Alabama State Senator Tim Melson filed a bill Tuesday in an effort to protect the state’s in-vitro fertilization (IVF) industry following the recent state Supreme Court ruling.
Senator Melson proposed Senate Bill 160 in order to prevent more clinics from halting operation. This bill would give criminal and civil immunity to health care providers performing IVF as long as they are following “commonly accepted practices.”
On February 16, 2024, the Alabama Supreme Court ruled that frozen embryos are considered children under state law. The case, LePage v. Mobile Infirmary Clinic, Inc., was a consolidated appeal from three separate cases involving whether the Wrongful Death of a Minor Act applied to the destruction of frozen embryos. The plaintiffs in the case were patients with frozen embryos for use with IVF, stored in medical centers. After the embryos were accidentally destroyed, the patients sued the medical centers, alleging that the destruction of the embryos amounted to wrongful death. The court ruled that the frozen embryos should be considered children under the law, and thus the Wrongful Death Act would apply.

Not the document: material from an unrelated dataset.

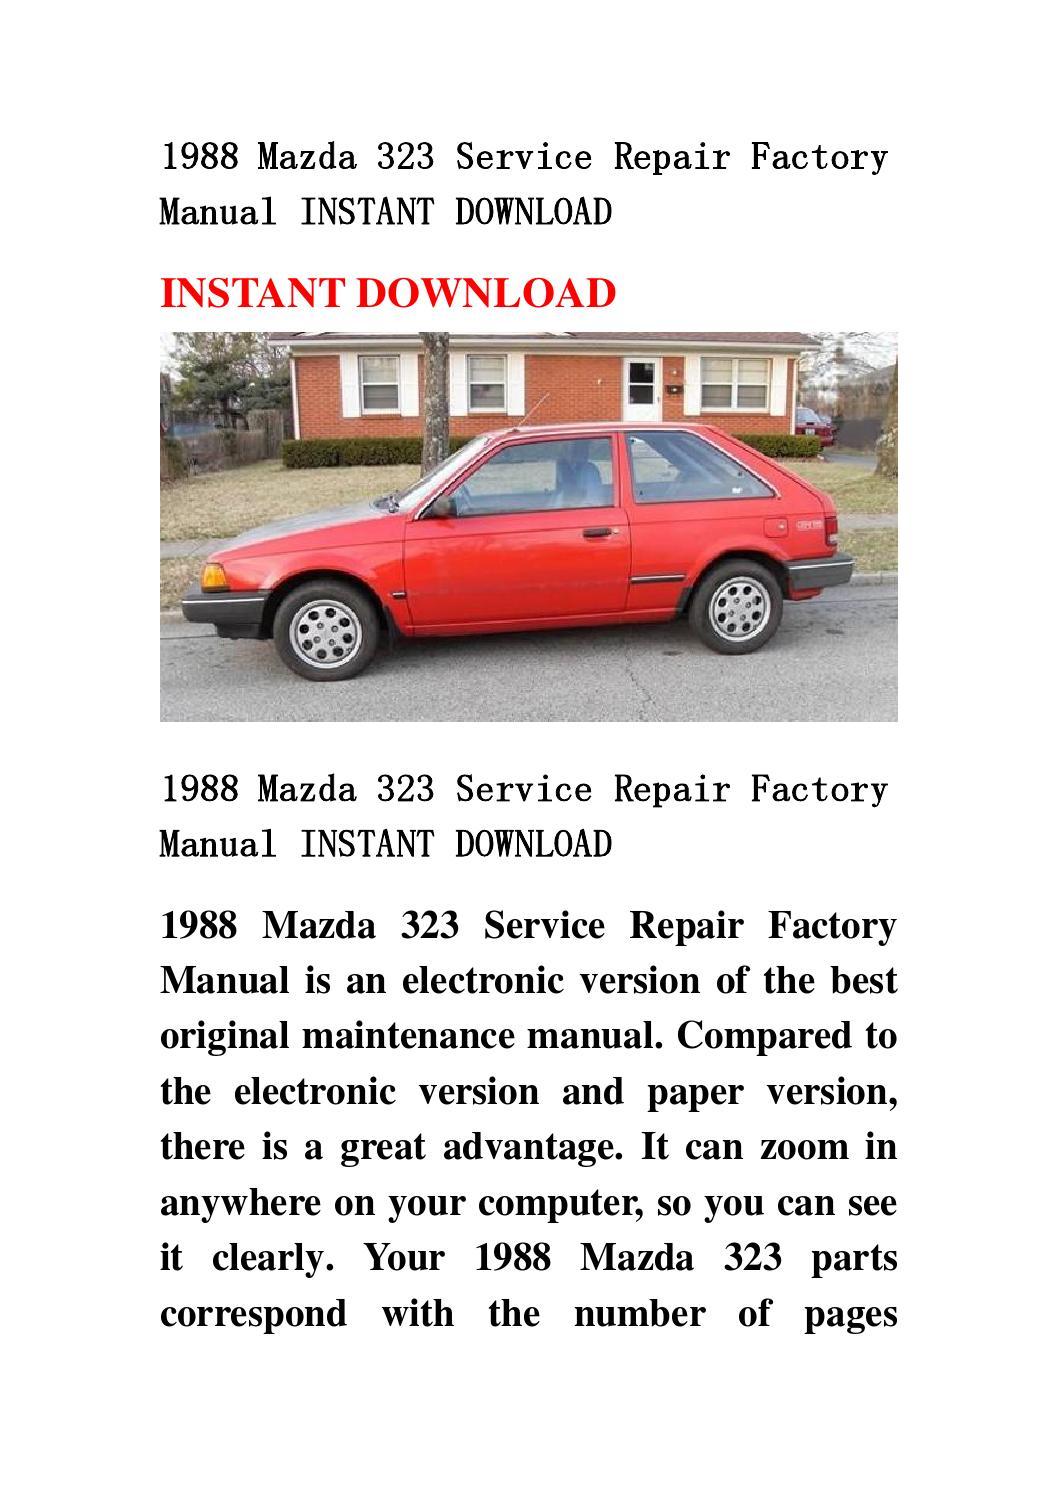 mazda 3 service manual download

The ruling caused immediate controversy throughout the state. At least three of the state’s eight IVF clinics have halted IVF related procedures, worried about the potential legal consequences this ruling will bring. The clinics are concerned about potential legal action that could be taken against clients and doctors alike if procedures continue. Additionally, many people that have frozen embryos in Alabama are taking action to move their embryos out of state.
On a national scale, the fallout from the Alabama ruling has given pause to other states considering similar rulings. Florida lawmakers, who were considering a “fetal personhood” bill, have now postponed the bill amidst the Alabama Supreme Court ruling controversy.